# Gamer section



## 420God (Dec 30, 2012)

Might be nice to have one.


----------



## kingmat8787 (Dec 30, 2012)

ill second that motion


----------



## match box (Dec 30, 2012)

I can't spell but the spell check on here comes with other stuff that I don't want. Whats a dumb m/f to do?


----------



## Orlandocb (Dec 30, 2012)

I def like this, been playing Plantside 2 so much lately


----------



## past times (Dec 30, 2012)

is planetside good? i am normally on Call of Duty, but kind of wanting something new for a little while


----------



## potroastV2 (Dec 31, 2012)

We have a gaming forum, we call it Sports.


----------



## 420God (Dec 31, 2012)

How about a subsection for the non physical type of games then. Totally different types of people most of the time.


----------



## Krondizzel (Jan 4, 2013)

rollitup said:


> We have a gaming forum, we call it Sports.
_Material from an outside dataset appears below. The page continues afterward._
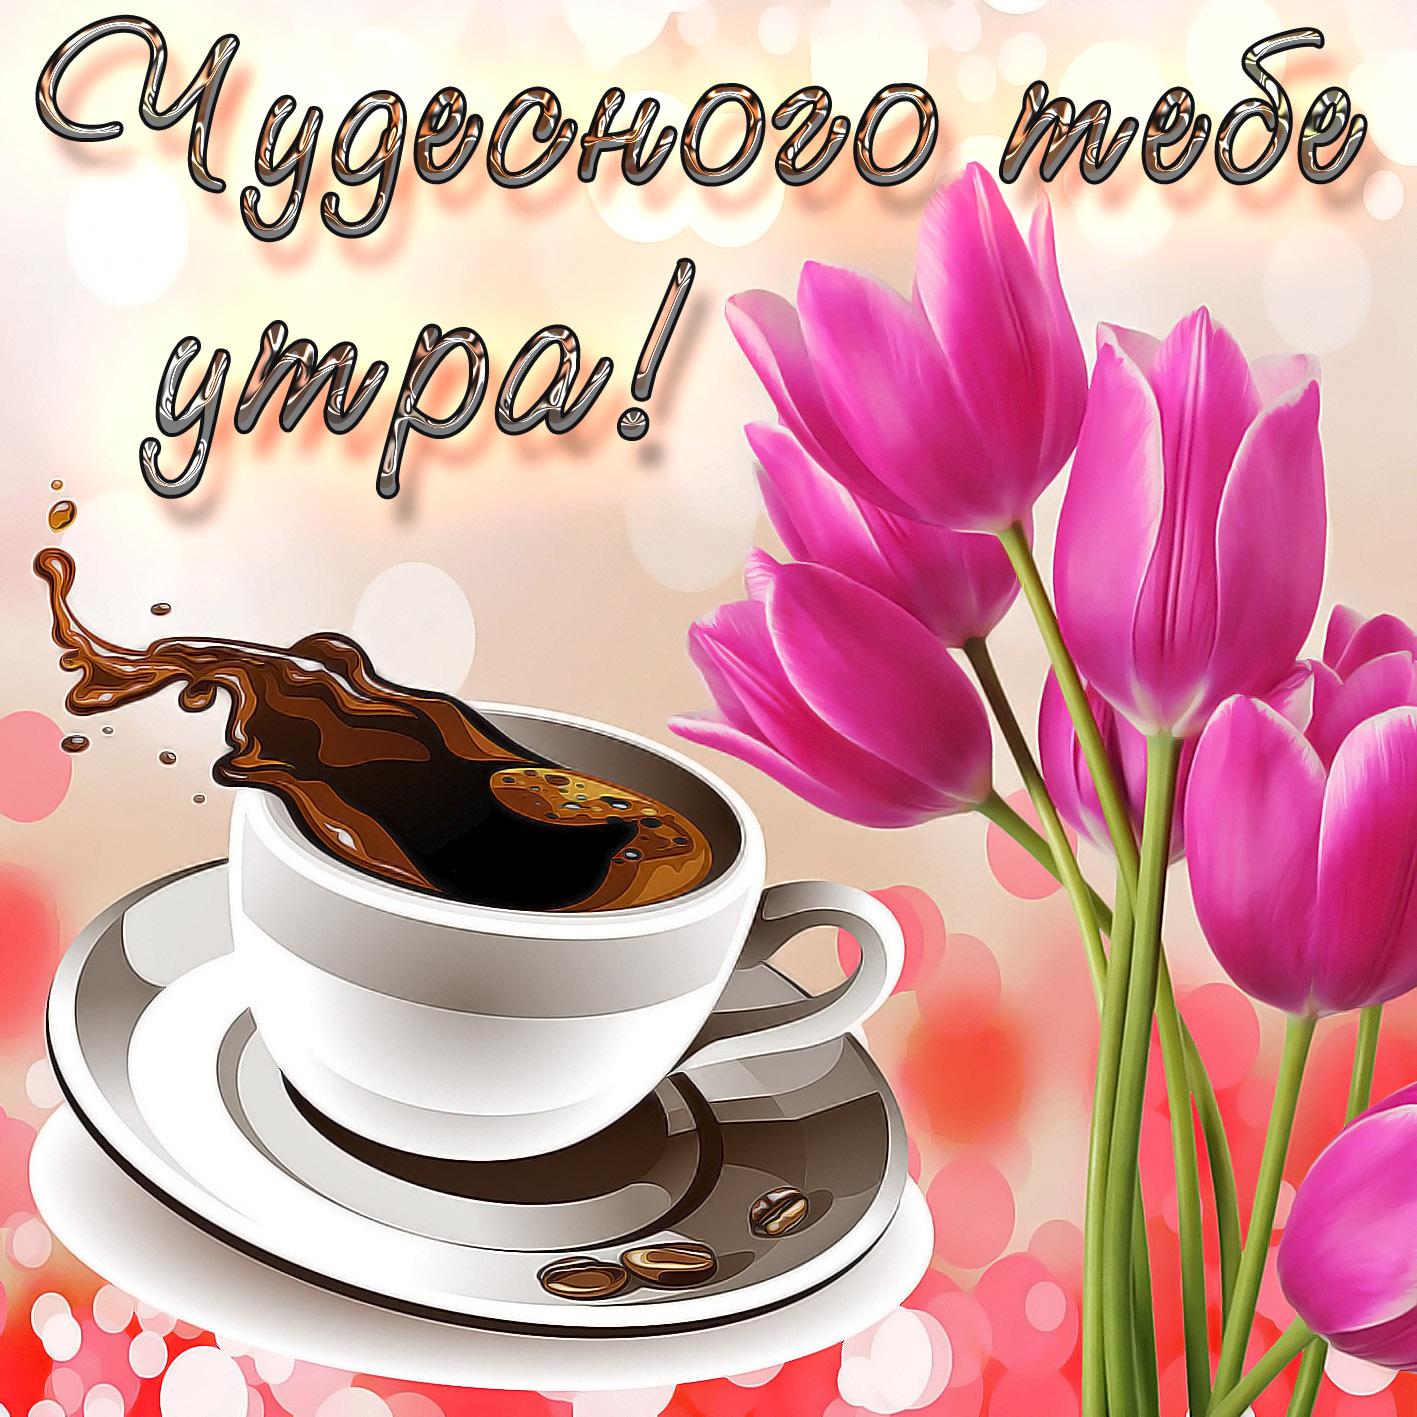 Цветы, доброе утро картинки поздравления с добрым утром чтобы пе

No... no no no. Sports is sports, gaming is gaming. I have to actually disagree with you on this one. Respectfully of course.


----------



## unohu69 (Jan 4, 2013)

LoL, i was thinkn like a built into the forum games. Id jam out on some pac-man, q-bert, frikn zelda!!!


----------



## Krondizzel (Jan 4, 2013)

Starcraft is not a sport. League of legends, maybe, but battlefield bad company?? Not a sport.


----------



## unohu69 (Jan 4, 2013)

I jus lost like 4 months of my life to wartune, server 4 haha, i had to step away for a while.. had a top 20 character on the server.. not sure where i am now.. yuck 43 now...


----------



## DonPepe (Jan 4, 2013)

I pretty much only play xbox these days, PC games are far to addicting. anyone play halo 4?


----------



## sunni (Jan 4, 2013)

Krondizzel said:


> Starcraft is not a sport. League of legends, maybe, but battlefield bad company?? Not a sport.


uh i beg to differ. View attachment 2466358 theyre totally turning into sports, lol


----------



## Krondizzel (Jan 4, 2013)

I sir, have been a gamer and a sports fan. I feel there is a difference. Chess is a game, some do it for sport. I am playing a game. Anyone who has been around nintendos, segas, n64, ps1-3 etc knows the difference between gaming and sport.


----------



## sunni (Jan 4, 2013)

Krondizzel said:


> I sir, have been a gamer and a sports fan. I feel there is a difference. Chess is a game, some do it for sport. I am playing a game. Anyone who has been around nintendos, segas, n64, ps1-3 etc knows the difference between gaming and sport.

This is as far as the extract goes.